The argument types of function calls are resolved according to the following steps.
Function Argument Type Resolution
Check for an exact match in the pg_proc system catalog. (Cases involving unknown will never find a match at this step.)
If no exact match appears in the catalog, see whether the function call appears to be a trivial type coercion request. This happens if the function call has just one argument and the function name is the same as the (internal) name of some data type. Furthermore, the function argument must be either an unknown-type literal or a type that is binary-compatible with the named data type. When these conditions are met, the function argument is coerced to the named data type without any explicit function call.
Look for the best match.
Make a list of all functions of the same name with the same number of arguments for which the input types match or can be coerced to match. (unknown literals are assumed to be coercible to anything for this purpose.) If there is only one, use it; else continue to the next step.
Run through all candidates and keep those with the most exact matches on input types. Keep all candidates if none have any exact matches. If only one candidate remains, use it; else continue to the next step.

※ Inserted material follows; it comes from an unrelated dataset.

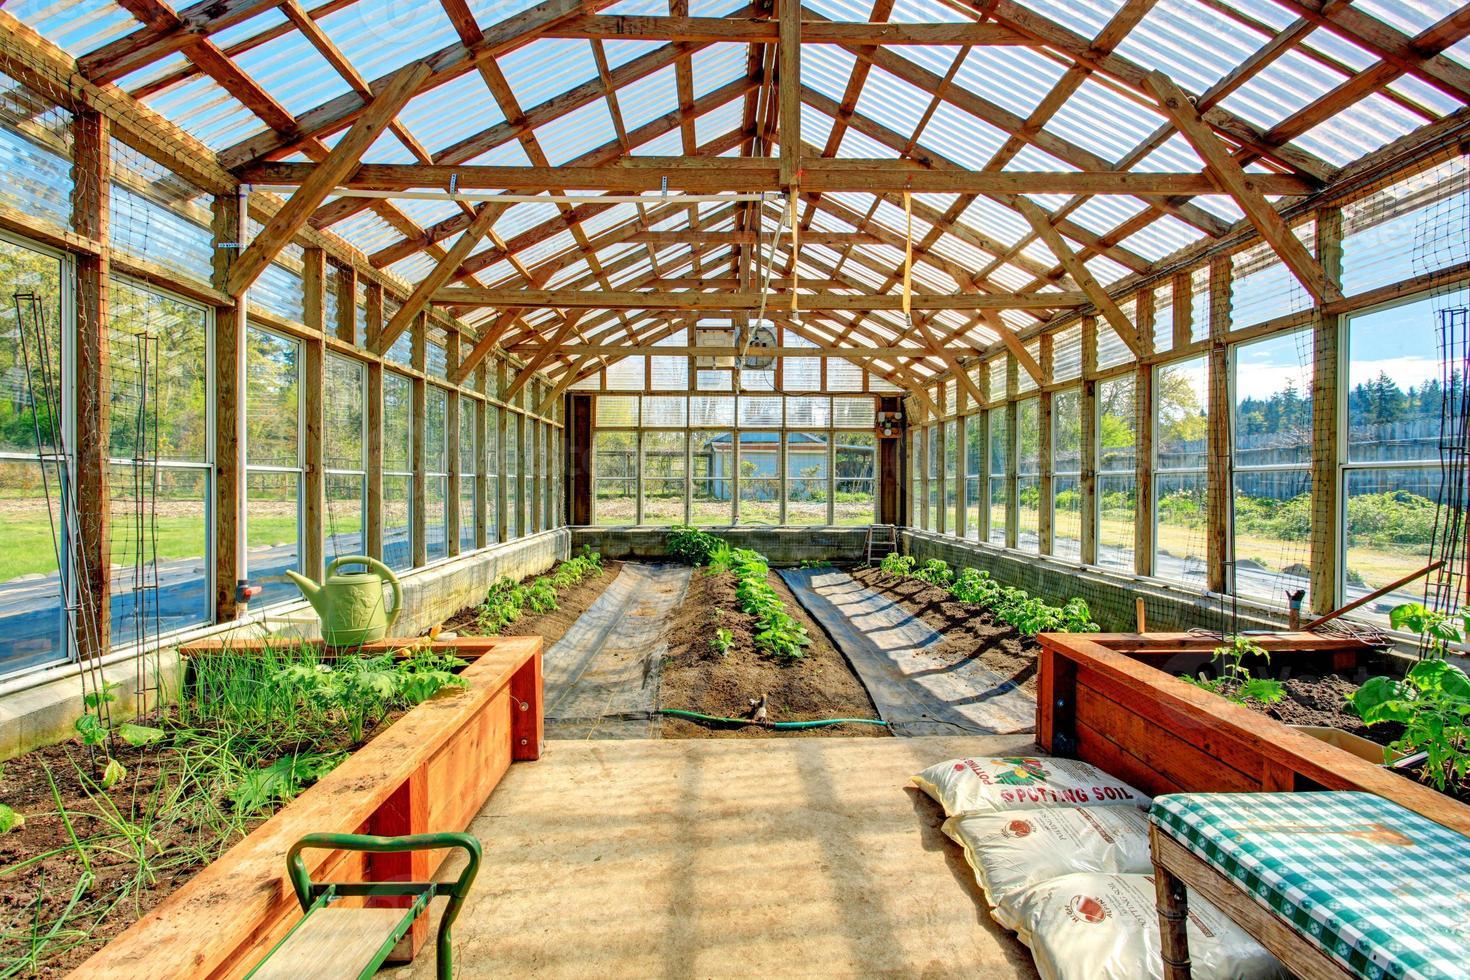 grande serra agricola foto

Run through all candidates and keep those with the most exact or binary-compatible matches on input types. Keep all candidates if none have any exact or binary-compatible matches. If only one candidate remains, use it; else continue to the next step.

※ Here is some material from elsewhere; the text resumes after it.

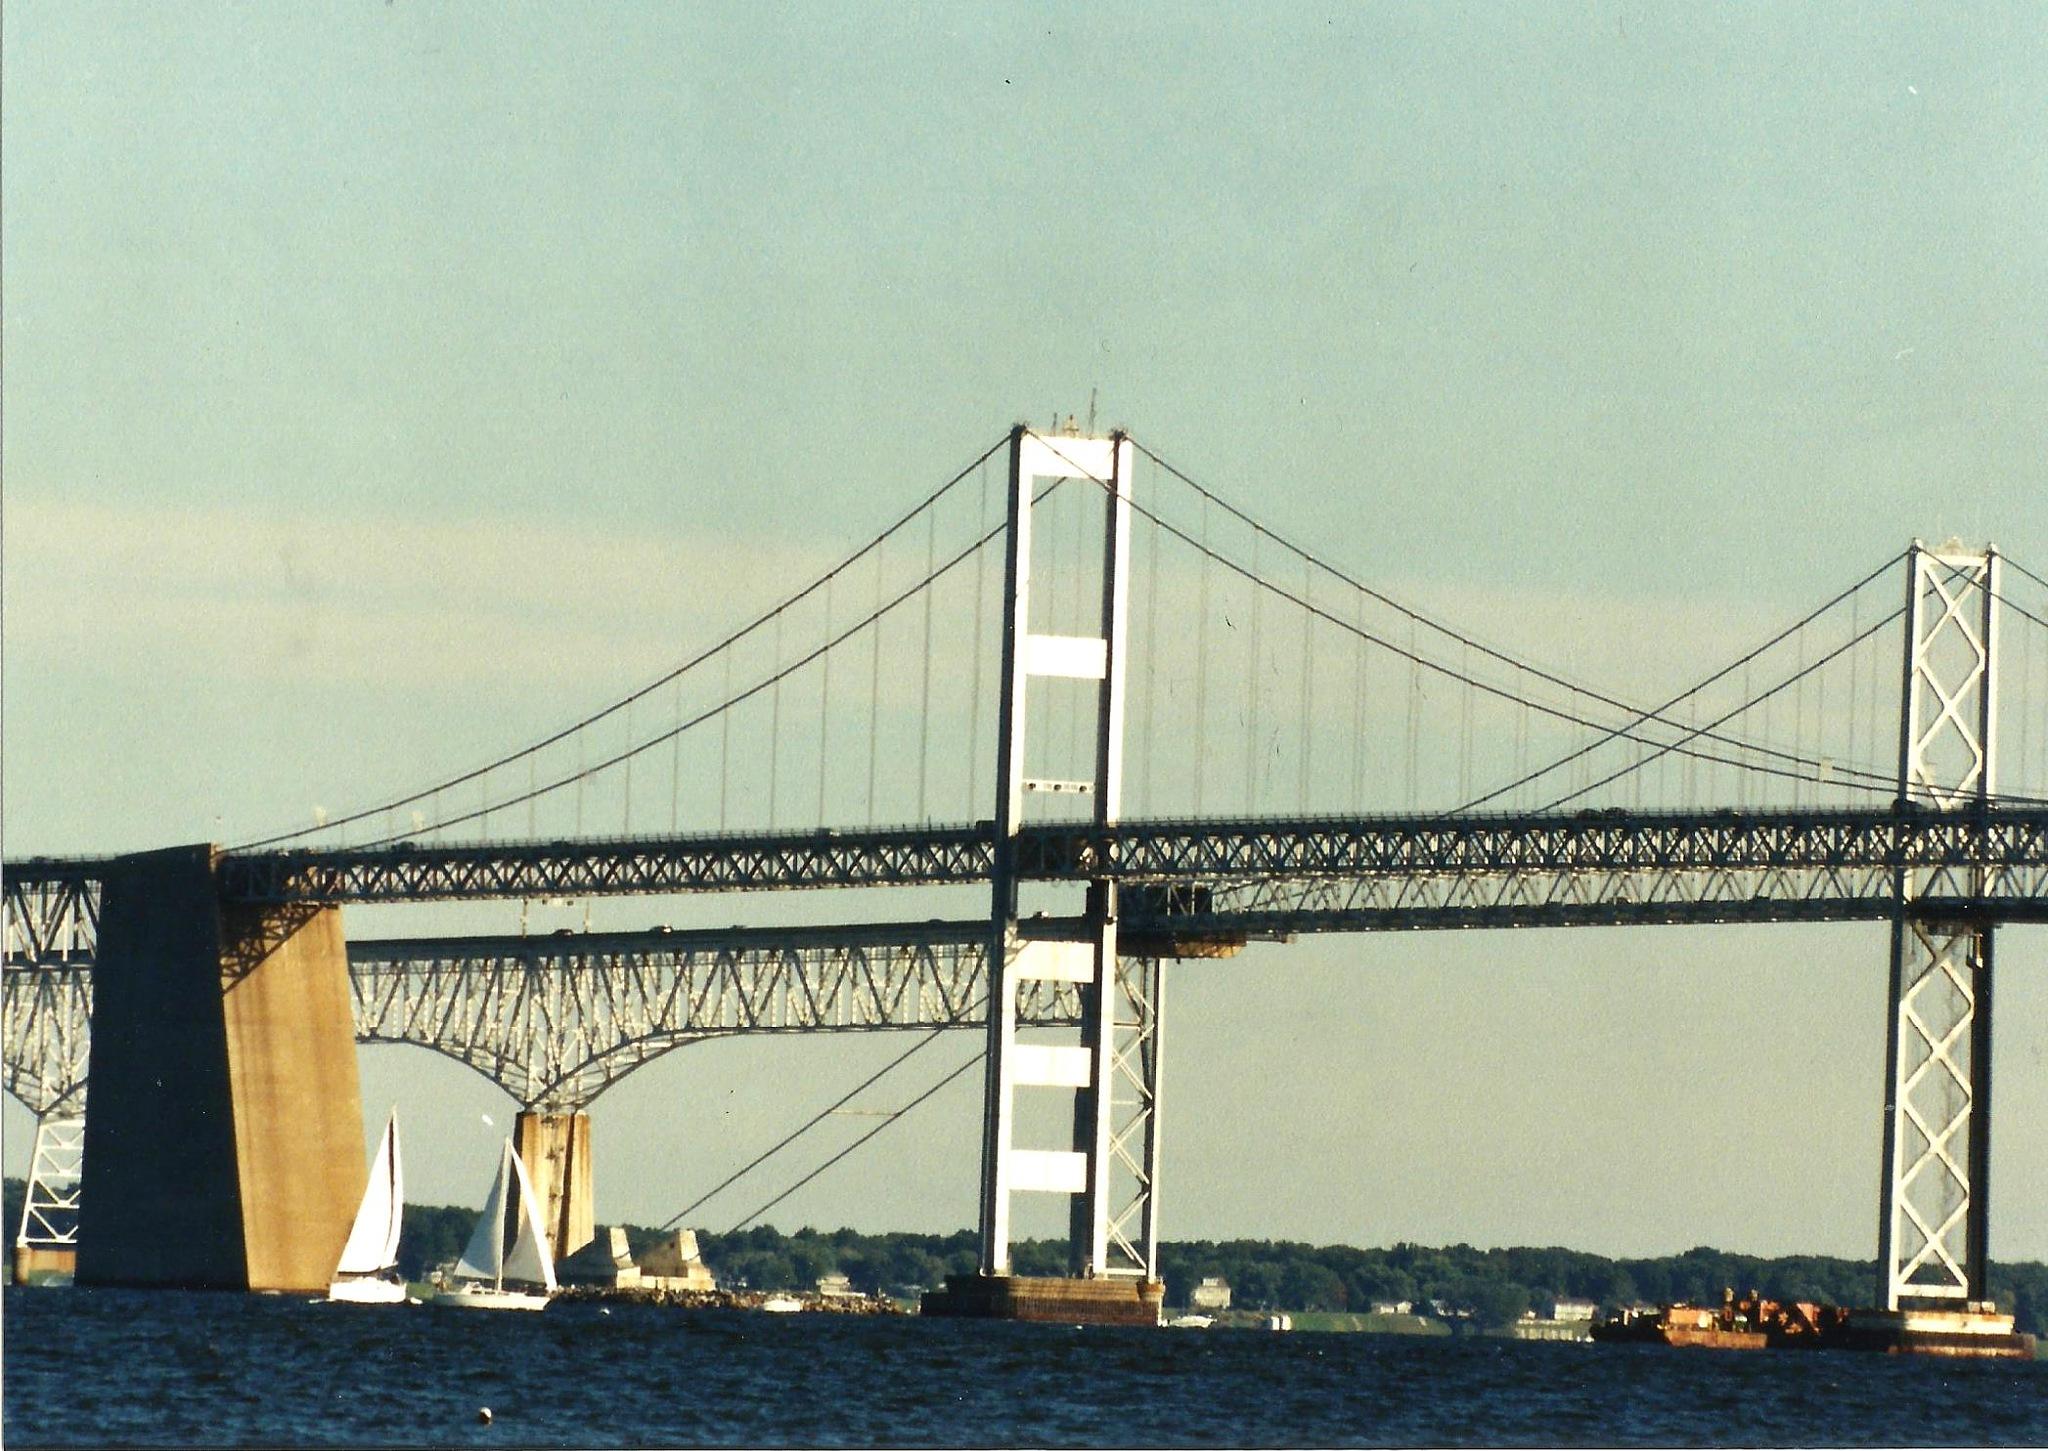 THE CHESAPEAKE BAY BRIDGE by Hope Atwood Dayhoff

Run through all candidates and keep those that accept preferred types at the most positions where type coercion will be required. Keep all candidates if none accept preferred types. If only one candidate remains, use it; else continue to the next step.
If any input arguments are unknown, check the type categories accepted at those argument positions by the remaining candidates. At each position, select the string category if any candidate accepts that category (this bias towards string is appropriate since an unknown-type literal does look like a string). Otherwise, if all the remaining candidates accept the same type category, select that category; otherwise fail because the correct choice cannot be deduced without more clues. Also note whether any of the candidates accept a preferred data type within the selected category. Now discard candidates that do not accept the selected type category; furthermore, if any candidate accepts a preferred type at a given argument position, discard candidates that accept non-preferred types for that argument.
If only one candidate remains, use it. If no candidate or more than one candidate remains, then fail.